DATA SHOWN:
==============================

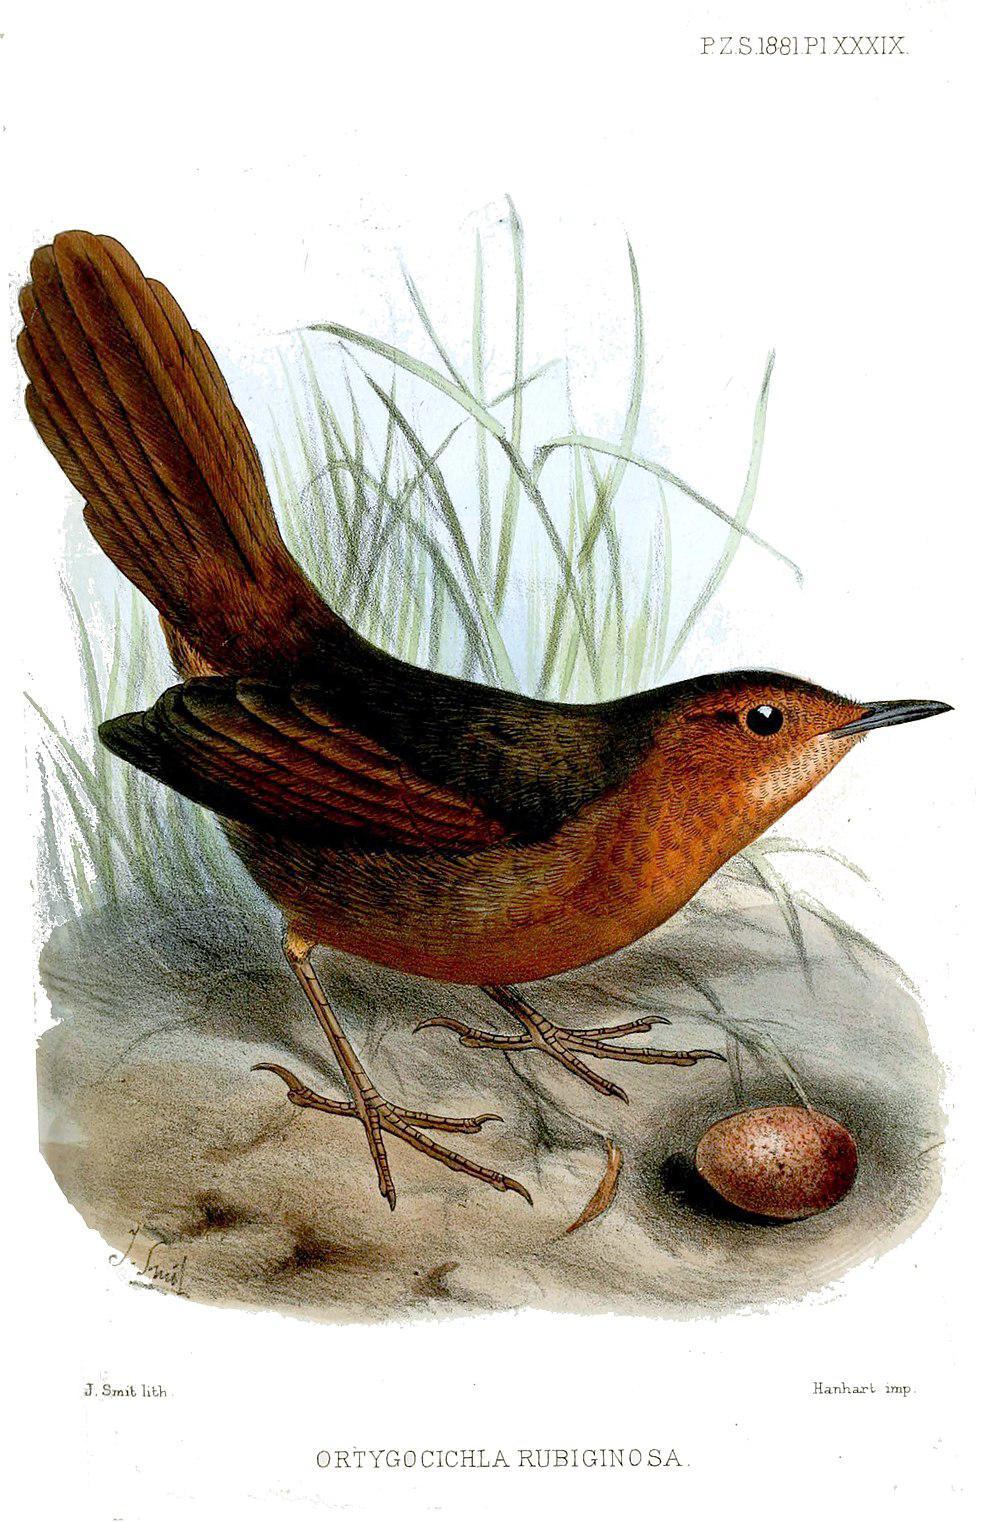 锈色草莺 / Rusty Thicketbird / Cincloramphus rubiginosus
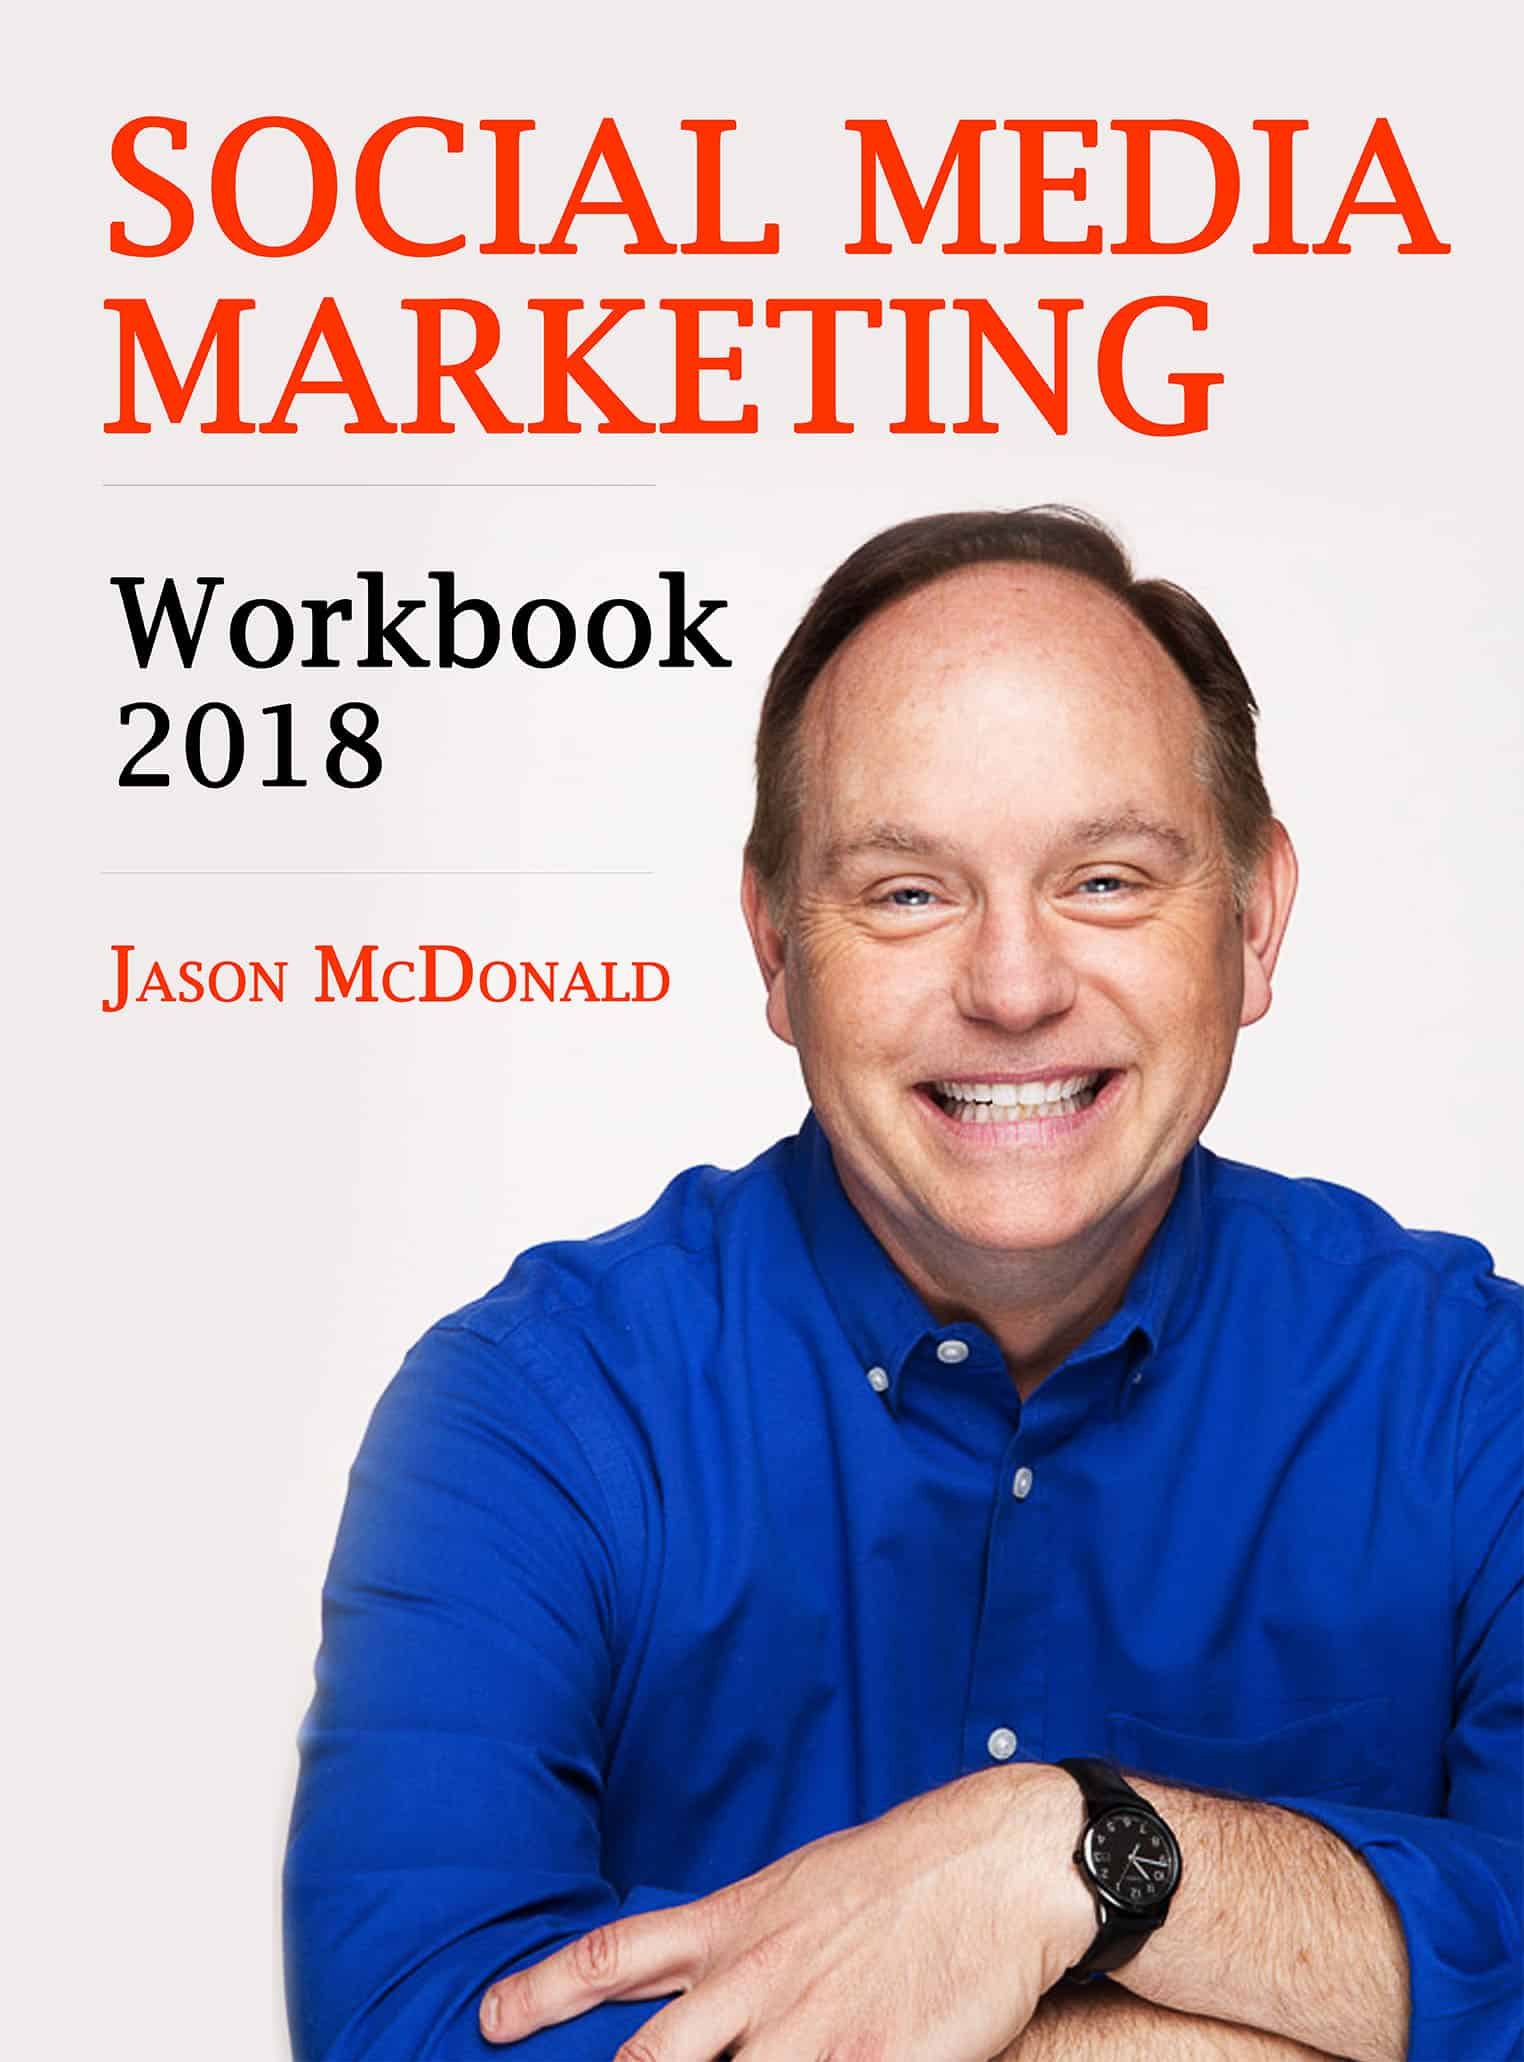 JM Announces New Social Media Marketing Workbook 2018, a Book
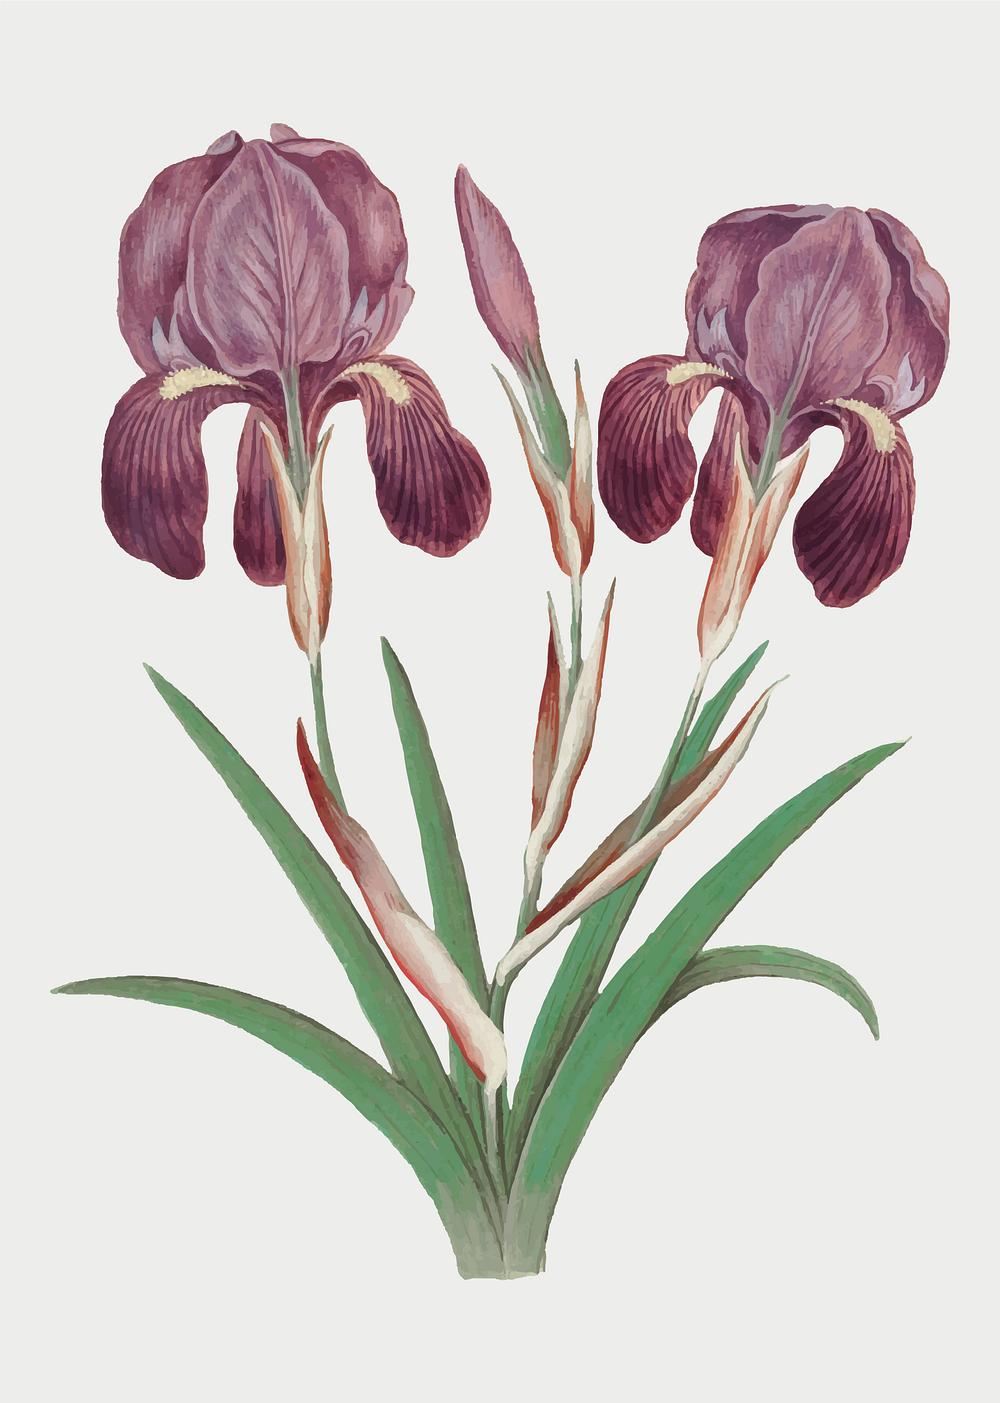 Purple iris in vintage style | Royalty free stock illustration - 561532

==============================

REQUIRED WORK: Word for word, copy every line of the data, excluding any pictures.

PROBLEM SOLUTION:
 锈色草莺 / Rusty Thicketbird / Cincloramphus rubiginosus
 JM Announces New Social Media Marketing Workbook 2018, a Book
 Purple iris in vintage style | Royalty free stock illustration - 561532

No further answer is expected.